Рабле воевал со средневековьем, пользуясь его же оружием. Гротескные символы Рабле напоминают подчас особый вид орнамента со странными диковинными переходами одного вида животных в другой, с причудливым сочетанием несообразностей.
Создатель «Гаргантюа и Пантагрюэля» поистине может почитаться одним из основателей французского литературного языка. Сенеан, автор двухтомного исследования «Язык Рабле», пишет: «Иностранные обороты, классические языки, языки Возрождения, французский язык всех времен и всех провинций — все здесь нашло свое место и свою форму, нигде не производя впечатления какой-либо несвязности или несоответствия. Это всегда язык самого Рабле».
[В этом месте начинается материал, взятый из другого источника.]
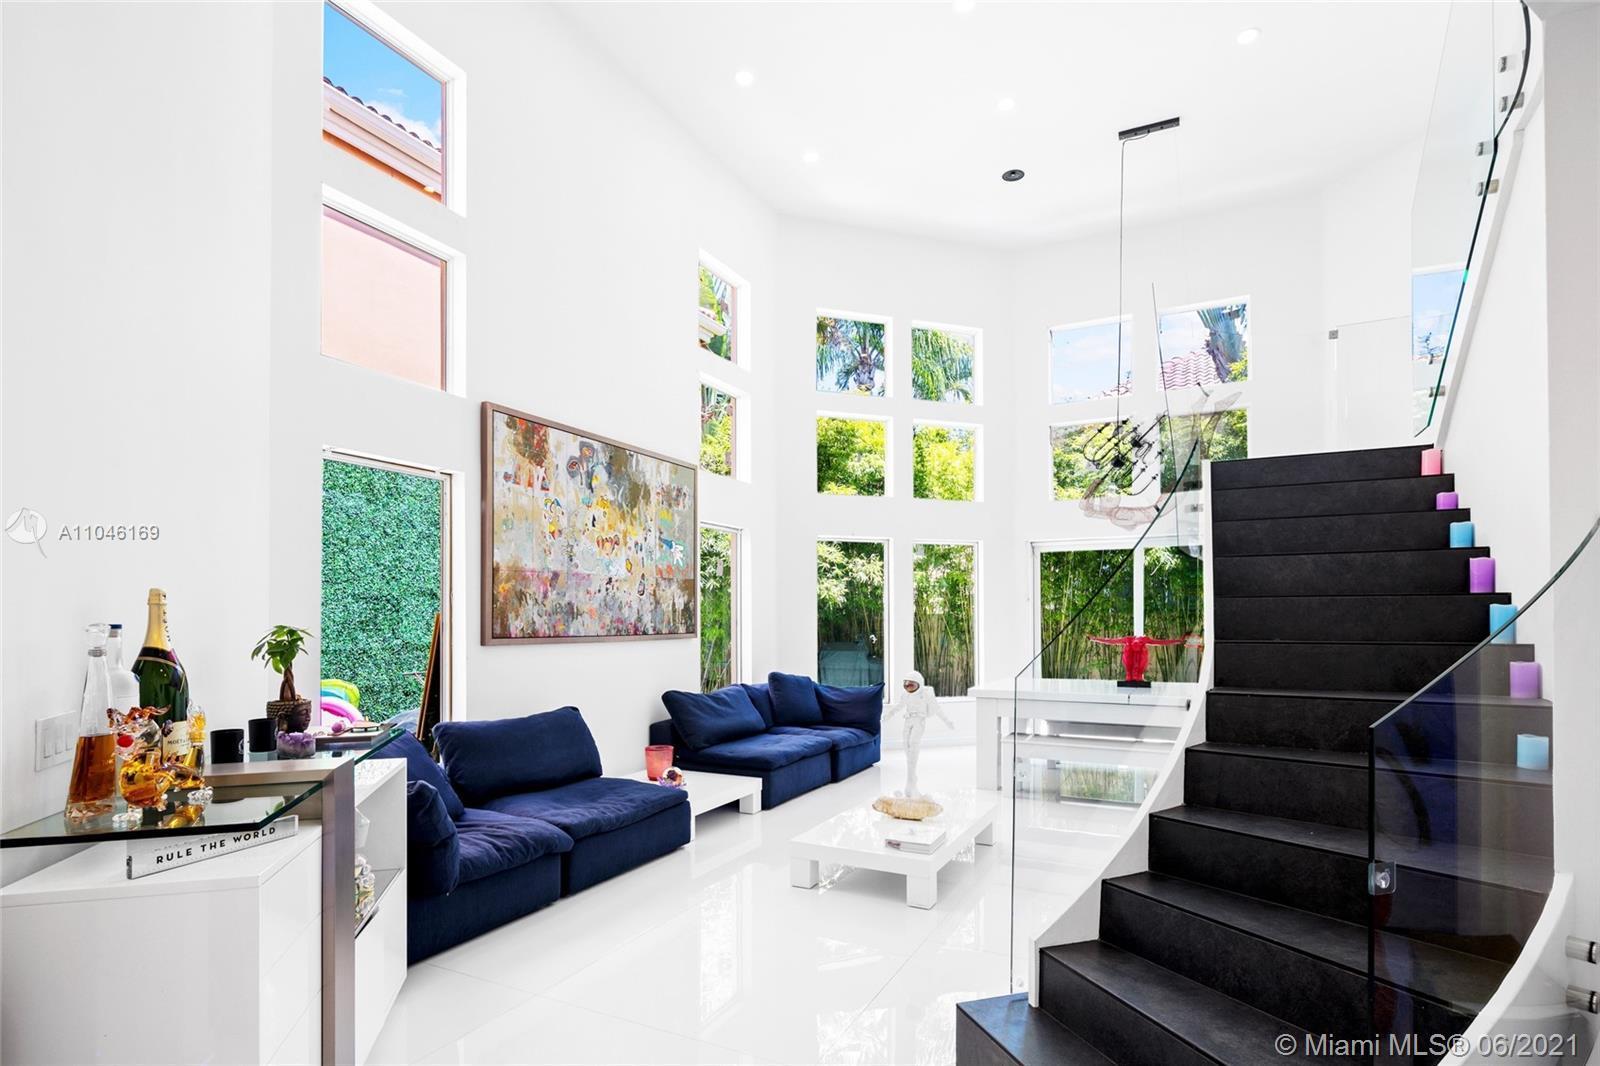 Single Family Residence 3/3 + 2 Car Garage & Splash pool in the prestigious community of Island Way

Рабле любил само слово. В нем жил и писатель и лингвист. Иногда он, увлекаясь, забывал о том, что, собственно, хотел сказать. Слово уводило его в сторону, он любовался им. Оно сверкало, звенело, открывалось умственному взору все новыми и новыми сторонами. Анатоль Франс восхищался этой влюбленностью писателя в слово: «Он пишет играючи, словно забавы ради. Он любит, он боготворит слова. До чего же чудесно наблюдать, как он нанизывает их одно на другое! Он не может, не в силах остановиться».
Рабле сыграл огромную роль в истории общественной мысли Франции. Уже современники его видели в нем выдающееся явление своего века. Имя его стало популярным в народе, с ним связывали различные легенды и антиклерикальные анекдоты.
Рабле незримо присутствует во всех значительных произведениях французской литературы последних четырех столетий. «Рабле — наш общий учитель», — признавался Бальзак. В несравненных по мастерству «Озорных рассказах» он шел от своего «достойного соотечественника, вечной славы Турени — Франсуа Рабле».
Грандиозная тень Рабле зрима и в «Острове пингвинов» Анатоля Франса, и в «Кола Брюньоне» Ромена Роллана.
Рабле глубоко национален. Это француз до мозга костей. Он часто подшучивает в своей книге над соотечественниками, но он их любит. Они «по природе своей жизнерадостны, простодушны, приветливы и всеми любимы». И он сам такой же. Может быть, эта его национальная самобытность помогла ему стать писателем общечеловеческого масштаба. Кто же из образованных людей мира не знает сейчас Рабле? Правда, он очень труден для перевода на иностранные языки. Его игра со словом, его умение находить в слове десятки смысловых оттенков, столбцами выписывать эпитеты, строить из них шутовские парады ради озорства гения, которому ничего не стоит переворошить многотысячный лексикон, чтобы мгновенно найти искомое слово, — все это создает трудно преодолимые преграды для переводчика. Надо очень хорошо знать богатства своего родного языка, чтобы найти в нем соответствующие параллели.
Русская переводческая школа совершила поистине чудо. Мы имеем в виду предлагаемый читателю перевод H. M. Любимова. Рабле стал почти русским. И это отрадно, потому что Рабле по духу, по всему миру своих идей близок нам.
В 1532 году в «Пантагрюэлистическом пророчестве» Рабле писал: «Величайшее безумие мира считать, что звезды существуют лишь для королей, пап и больших господ, а не для бедных и страждущих».
Звезды для бедных и страждущих! Это то, во имя чего мы трудимся. Как же мы можем не ценить человека, который из дали веков говорит нам свое «да!», и этот человек к тому же гениальный писатель, создавший бессмертное произведение искусства!